Comment by tehbeard

3 years ago

...or we just keep moving to http/2 which avoids this limit.

That'd be great, but is a lot harder than adding a header. HTTP/2 changes the entire wire format into a binary protocol that multiplexes multiple streams over a single connection. It's a lot harder to implement than HTTP/1, which you can type out manually over telnet:

    telnet news.ycombinator.com 80

    GET / HTTP/1.1
    Host: news.ycombinator.com
    \n
    \n

Adding a header could be as simple as:

    HTTP/1.1 200 OK
    Content-Type: text/html; charset=utf-8
    Multiple-Subscriptions: OK

  • The limit applied only to browsers which have all implemented HTTP/2 at this point.

    • Yes, the limit is implemented in browsers, but it's for the protection of servers. The idea is to prevent a web app from DDOSSing a server somewhere.

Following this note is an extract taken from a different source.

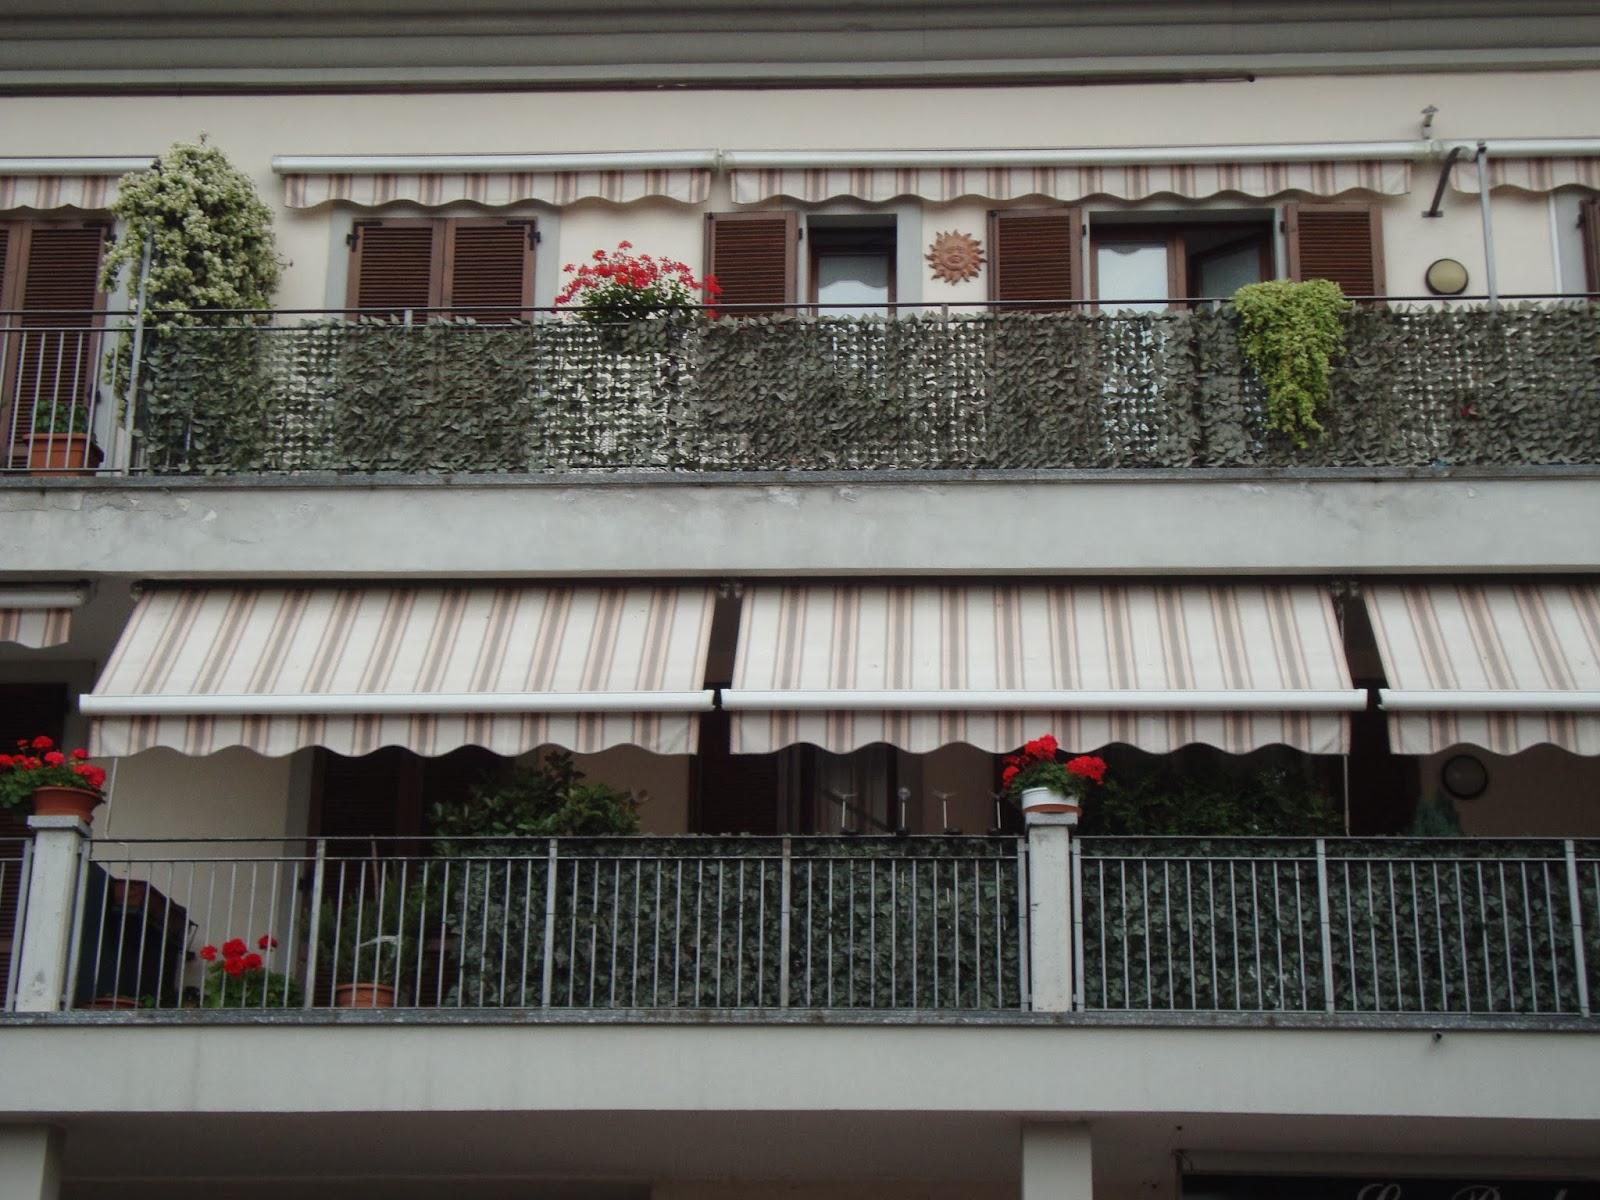 Un piccolo giardino in citt sempreverde sempreorribile for Siepi artificiali per balconi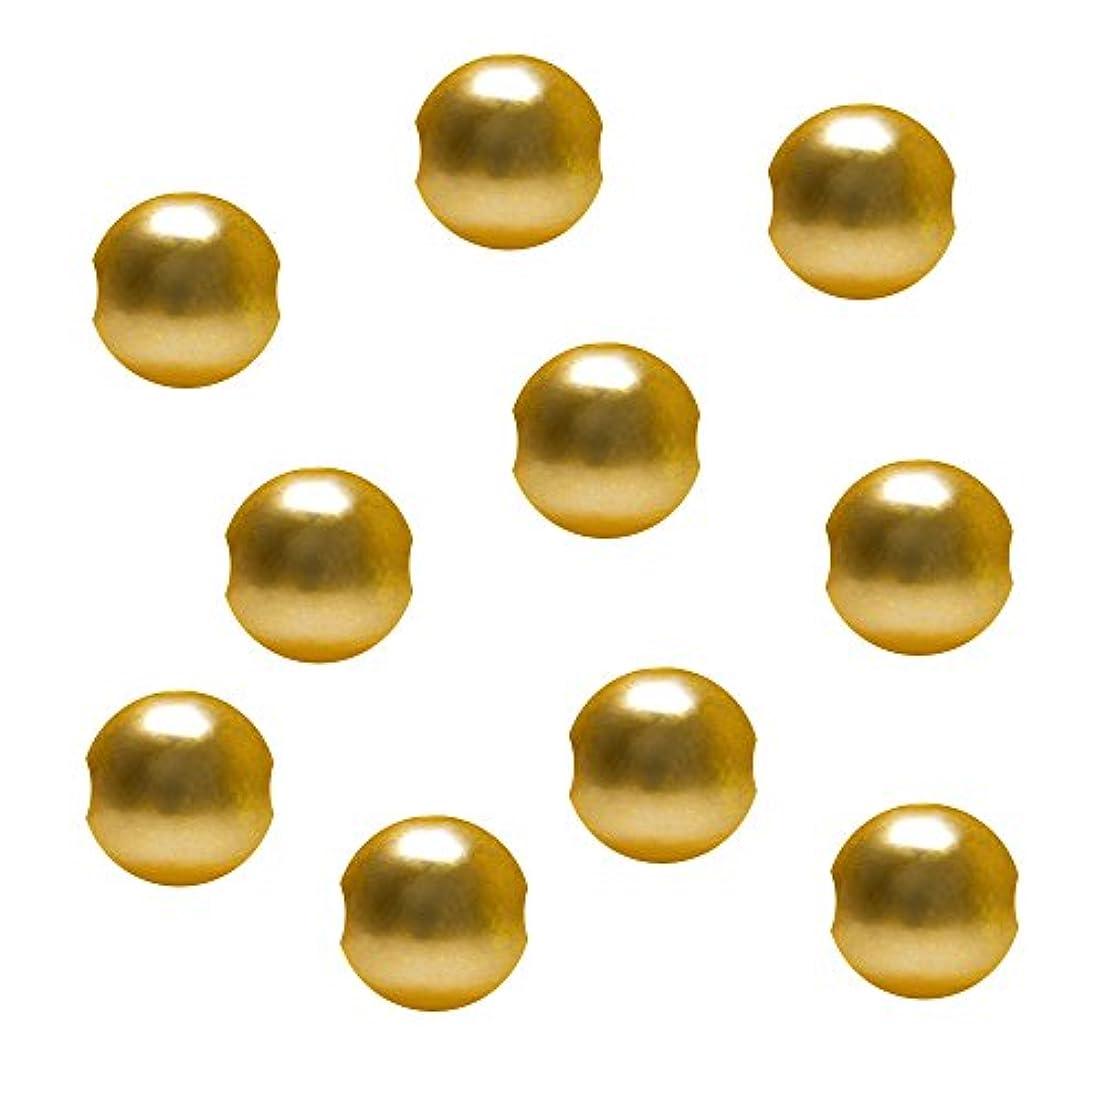 認識スプーン驚ジェルネイル  サンシャインベビー ジュエリーボールゴールド穴あり6mm

      This is especially a problem for servers implemented with one thread or process per connection, rather than an async event queue like nodejs, because each thread takes up a few megabytes of memory, and if a browser opens 1000 connections, that's 2 gigs of memory right there.

      But if a server is implemented properly to support long-lived connections (by using node, or greenlets, or other async system) then it should be able to opt out of that browser protection. A standardized header would allow a server to opt out of it.